Pictures stay out. Everything else in the listing below gets written out exactly.

> **DATA EXTRACT**
BEGIN

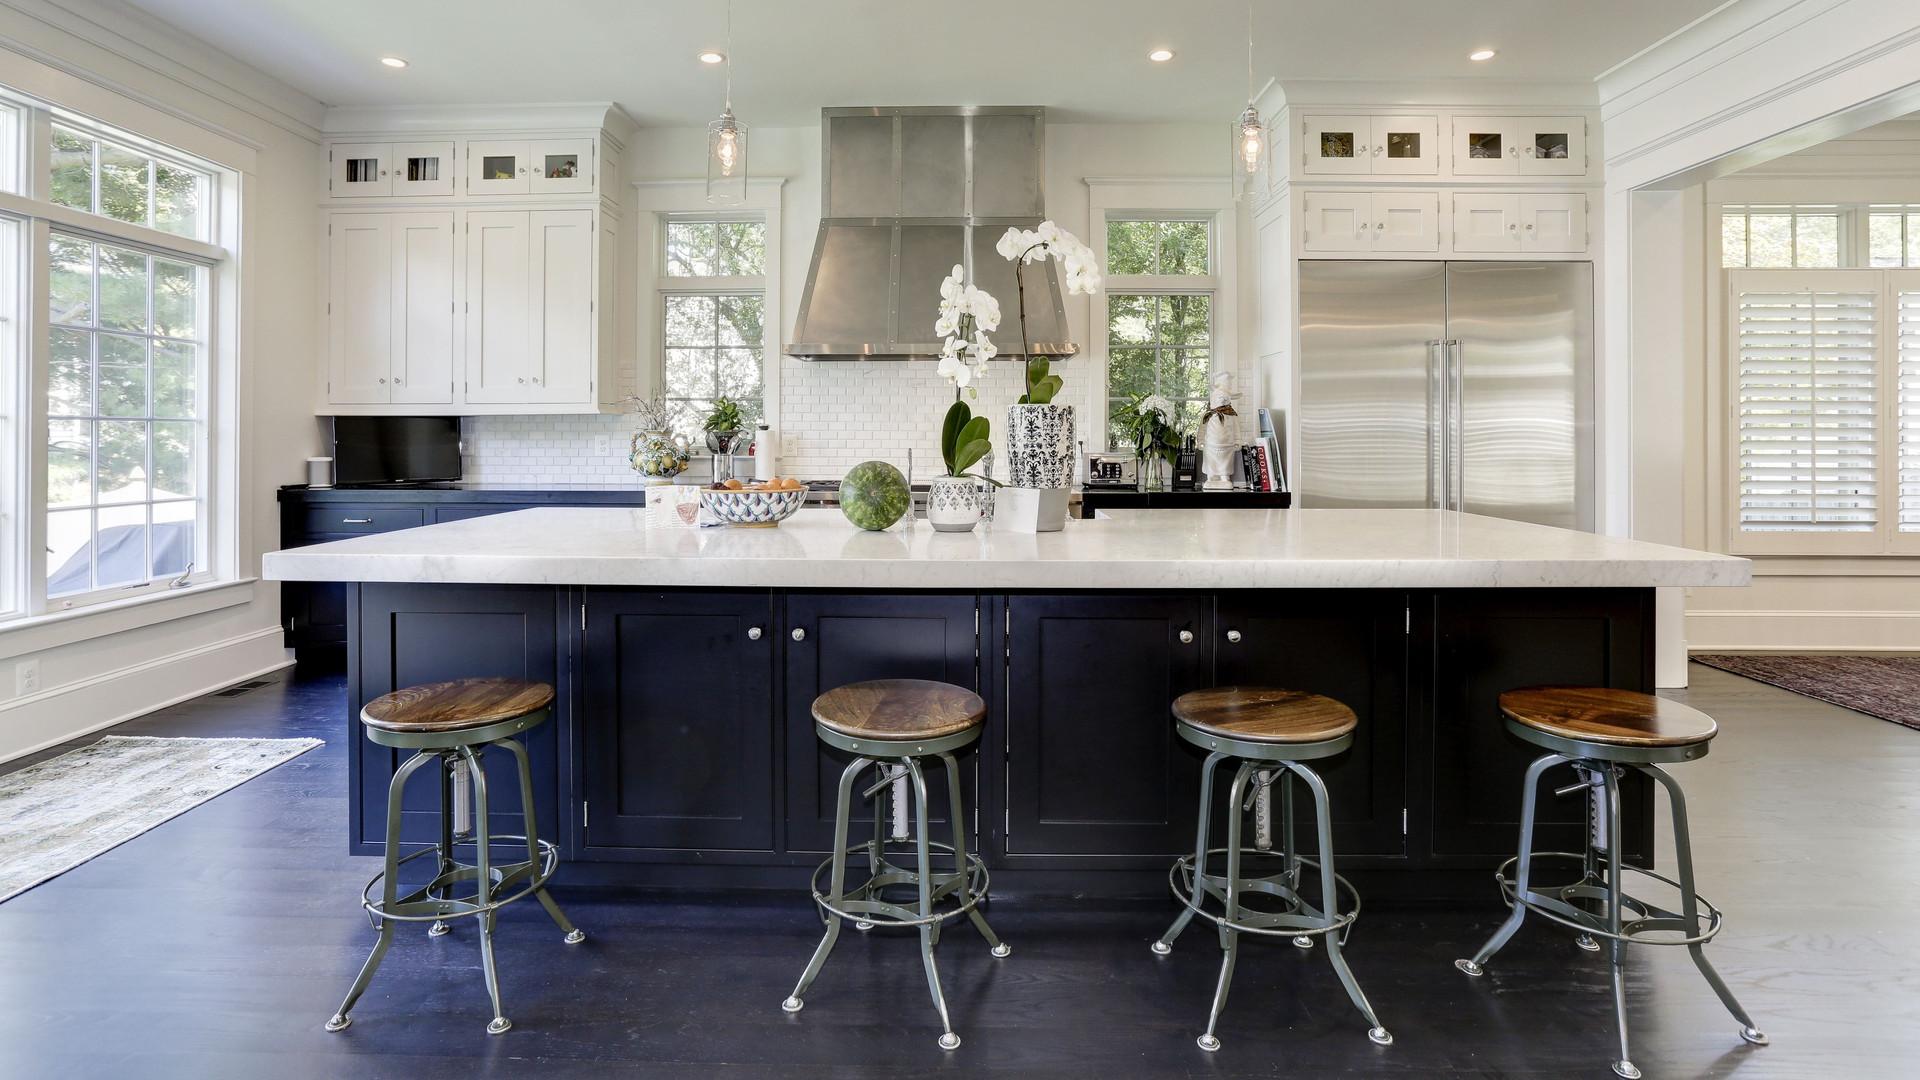 Cabinet design in Annapolis MD
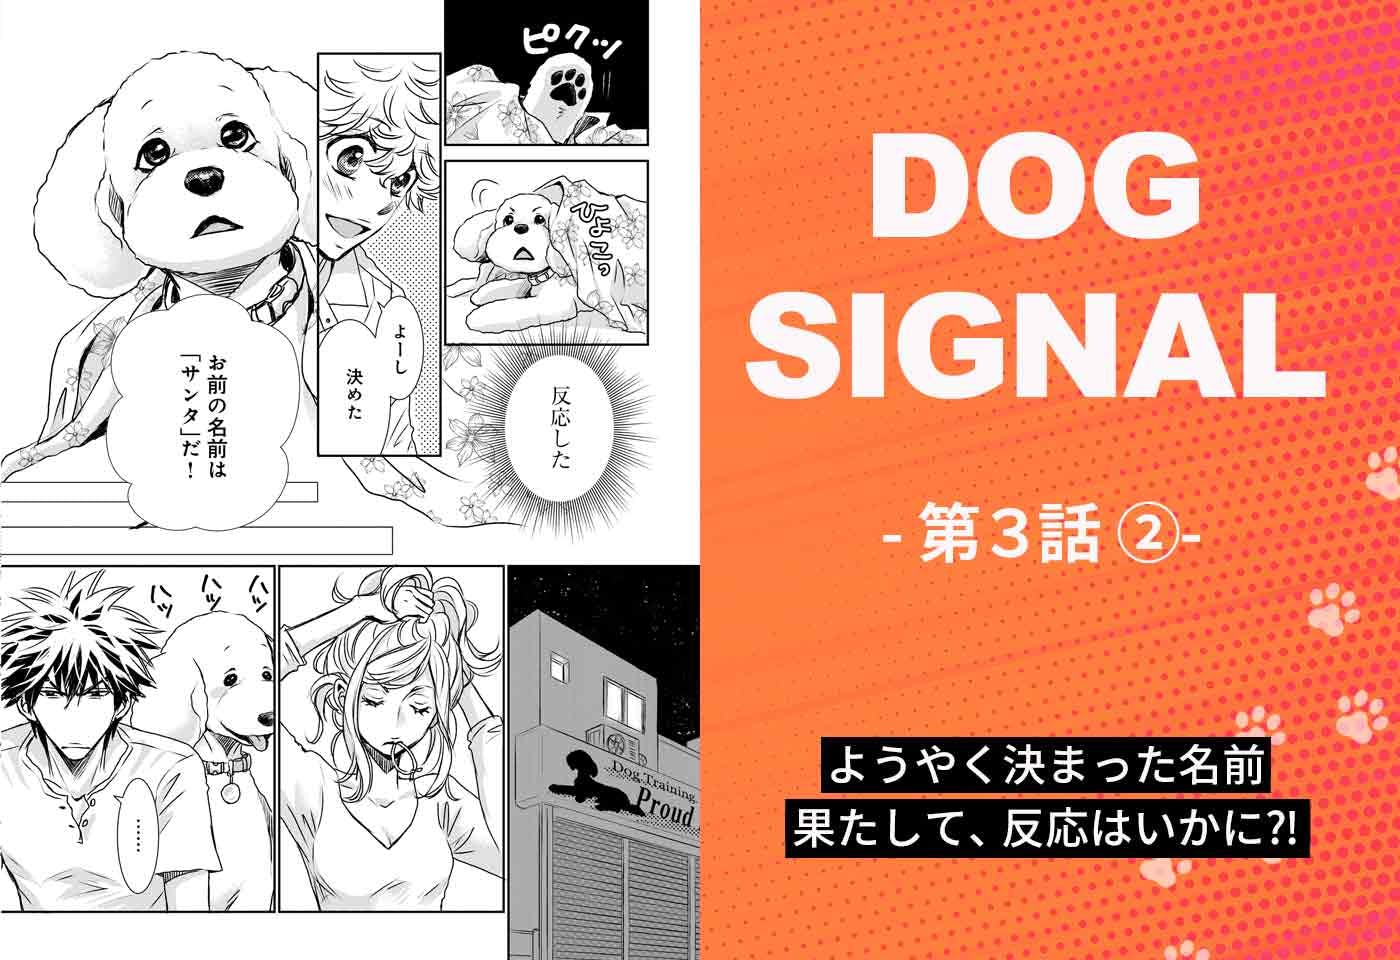 『DOG SIGNAL』3話目 2/4
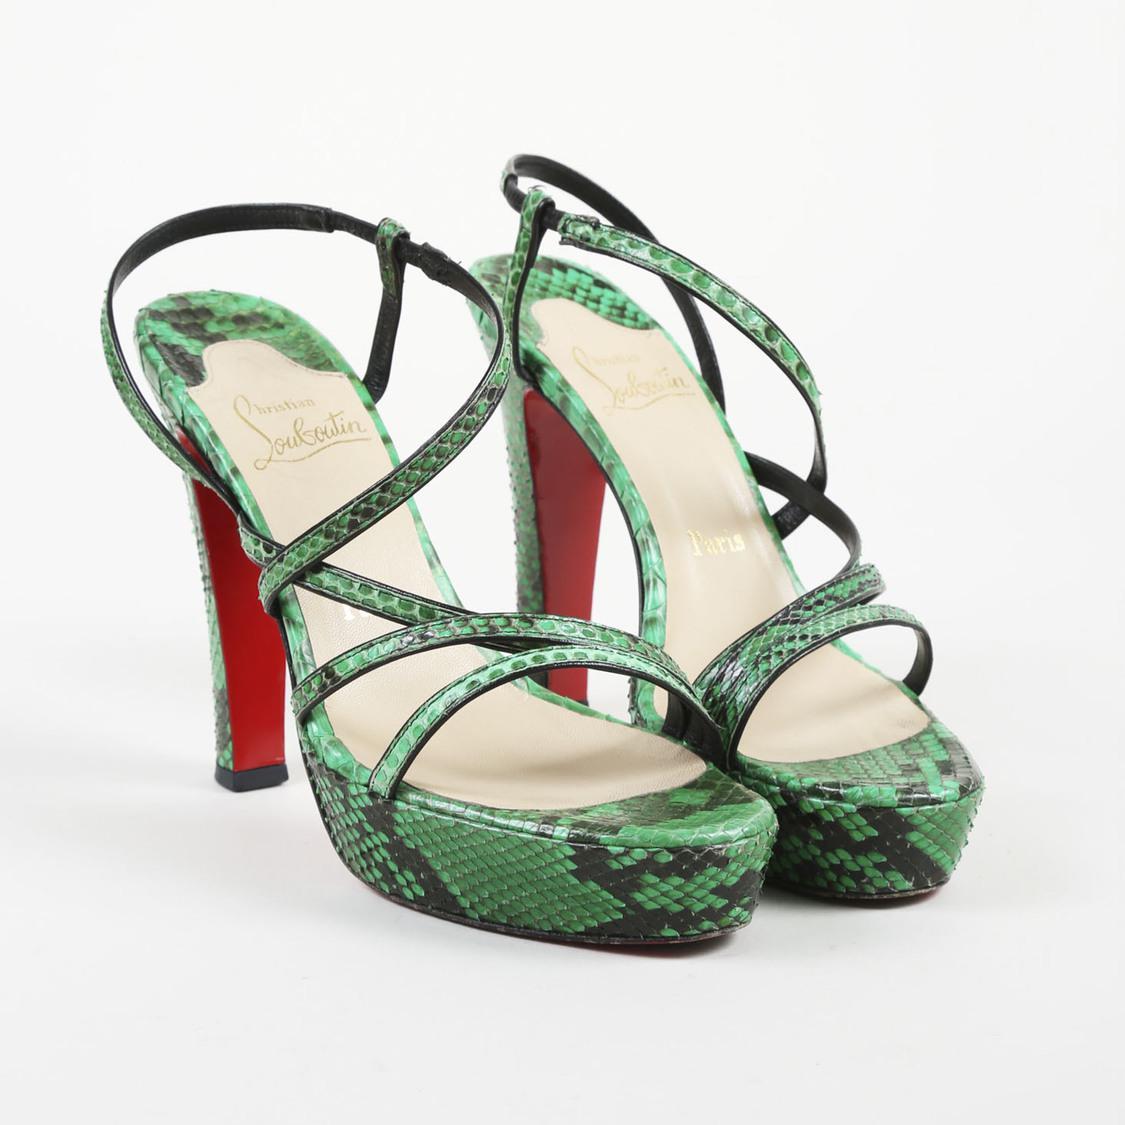 5e85bf00625 Women's Green Snakeskin Open Toe Strappy Sandals
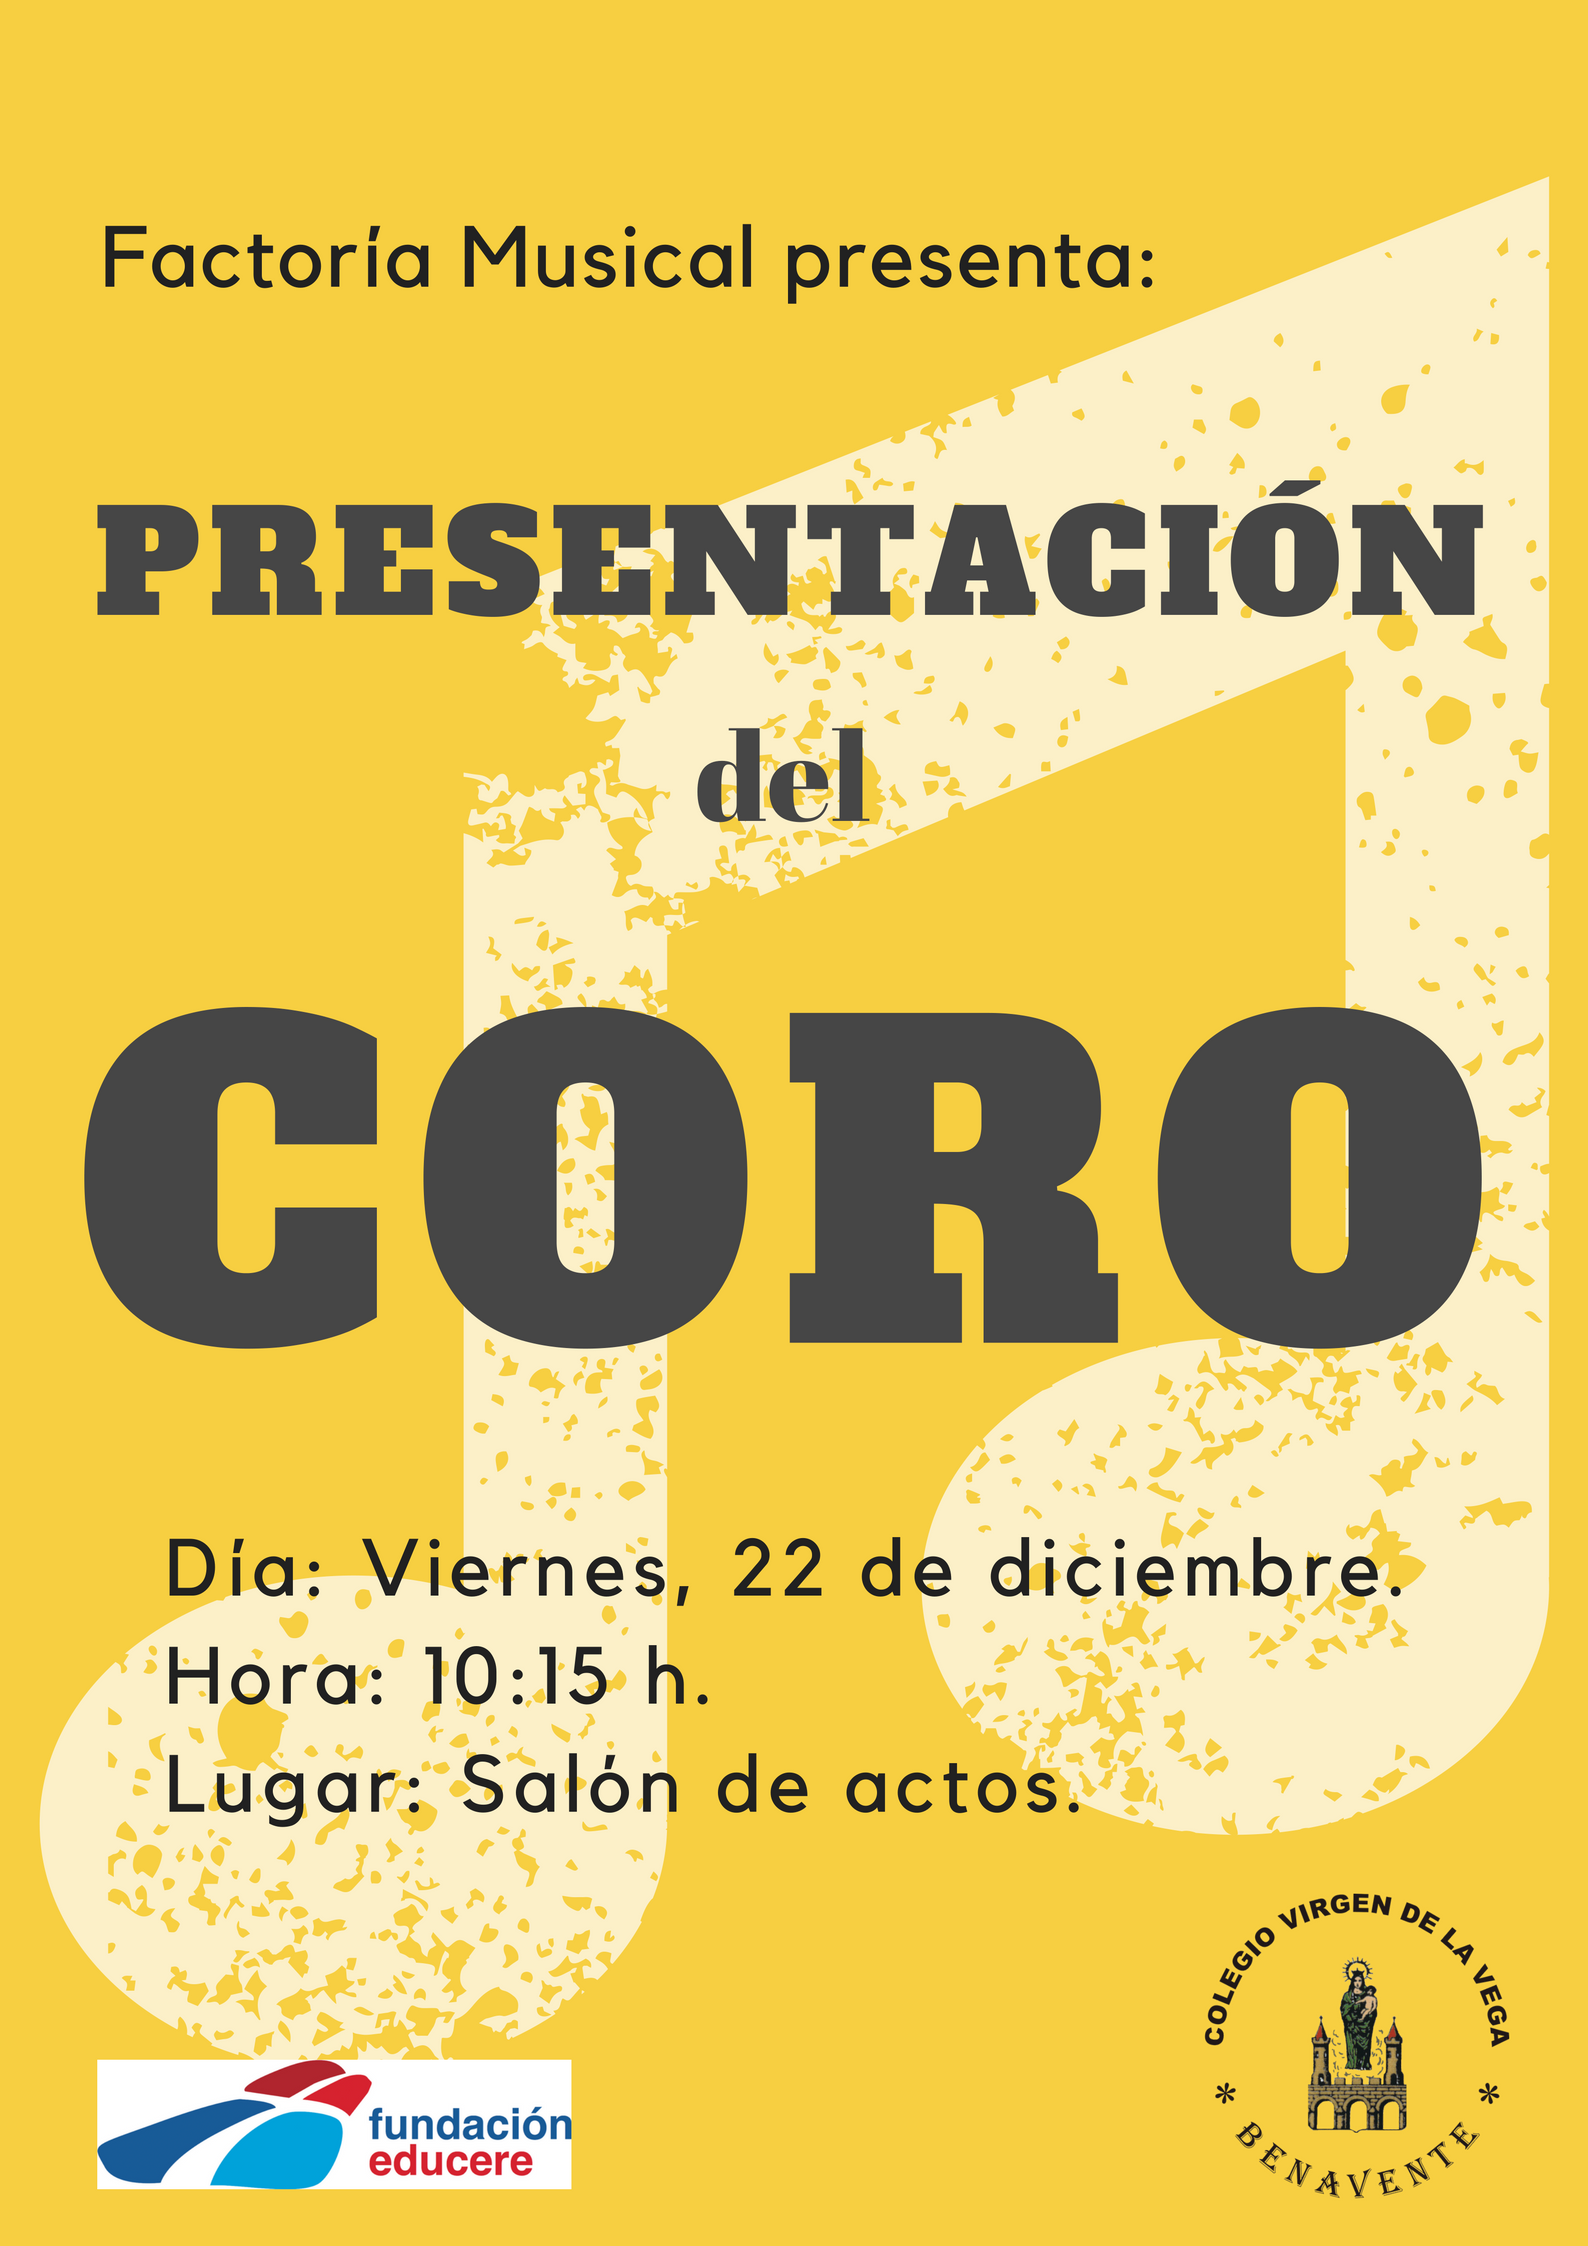 Copia_de_Factoría_Musical_presenta_

END

> **EXPECTED ANSWER**
 Cabinet design in Annapolis MD
 『DOG SIGNAL』3話目 2/4
 5e85bf00625 Women's Green Snakeskin Open Toe Strappy Sandals
 Copia_de_Factoría_Musical_presenta_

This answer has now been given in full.